Discussion in 'Shooting Gear and Storage' started by White Horseradish, Feb 16, 2006.

  1. White Horseradish

    White Horseradish Well-Known Member

    So I picked up the said holster for my 1911. I know, I know. Blasphemy. Unfortunately, I can't really afford a nice leather holster now.

    The holster came with a little baggie with two nuts and a plasic piece. I can't find anything in the instructions about them. What are they for? Nuts could be spares, but what is the plastic thingy (it's got two holes, a round and an oblong one) supposed to do?
  2. kage genin

    kage genin Well-Known Member

    Can't be sure without pictures, but I believe the extra piece is to change the cant of the holster to a forward-canted for "FBI Carry"
  3. Black Majik

    Black Majik Well-Known Member

    Could also be for adjusting retention?
  4. Kor

    Kor Well-Known Member

    If you're still wondering...

    I've got the same holster for my Springfield XD9, and the wedge is for adjusting the camber, i.e. how far out the gun butt tilts away from your body. The extra bolts are not spares per se, but are slightly longer than the standard bolts that are installed at the factory, and are to be used if you install the cambering wedge.

    There weren't any directions for this thing in my packaging, I just figured it out by myself.
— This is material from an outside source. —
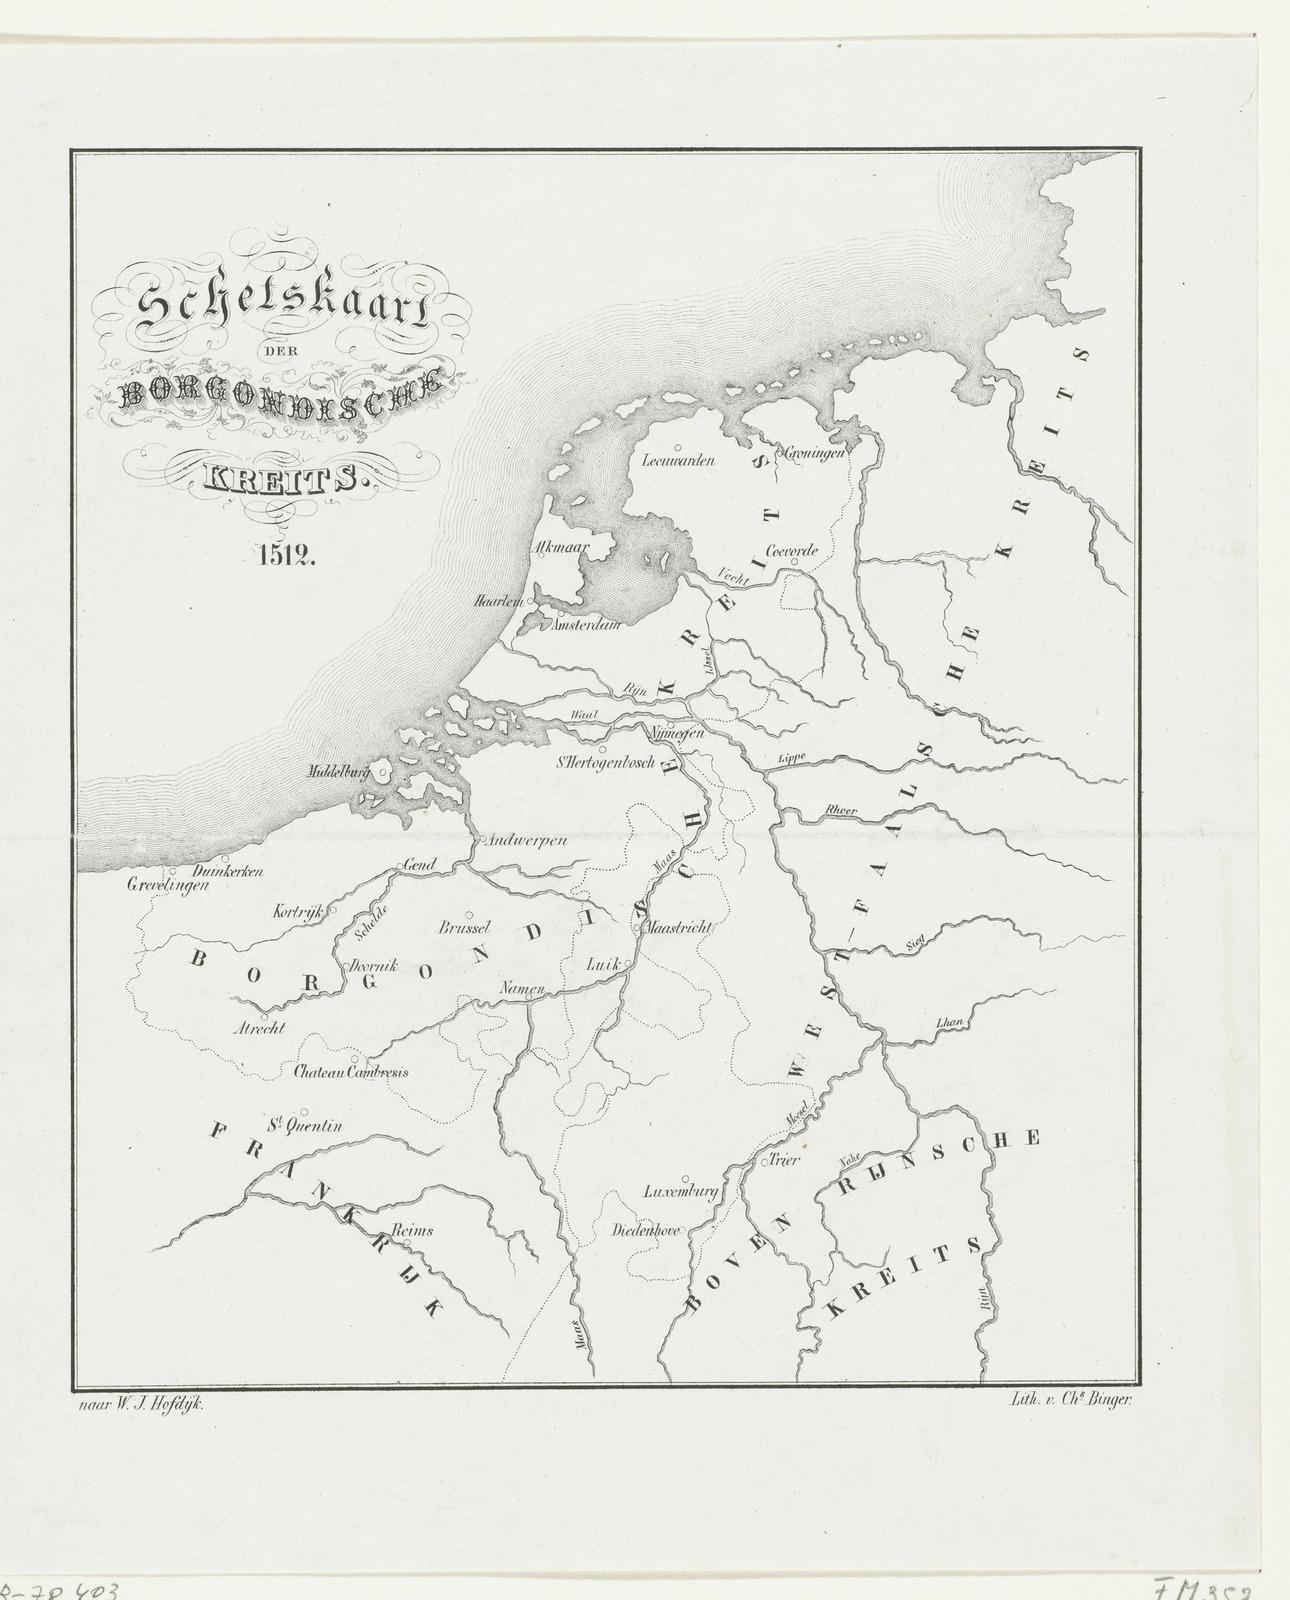 Kaart van de Bourgondische kreits, 1512

If you want the gun butt to angle out from your body, unbolt the holster from the paddle and install the wedge with the new bolts, thick side up. If you want the butt tighter in to your side, install the wedge thin side up. The curved hole allows you to make fine adjustments to the degree of camber by sliding it up and down, while pivoting around the bolt in the round hole; you can also vary the adjustment by installing the wedge with the curved hole towards the front, or towards the back.

    Why use the wedge? Mostly, I think, for ladies with "hourglass" figures that actually cause the gun butt to slant inwards as the holster rides along the outside of their hip; they need to install the wedge so that they can get enough space between the gun butt and their side to allow the thumb in and attain a full firing grip when drawing the gun. You might also want the extra adjustment if you want to use the holster as a poor man's IPSC rig.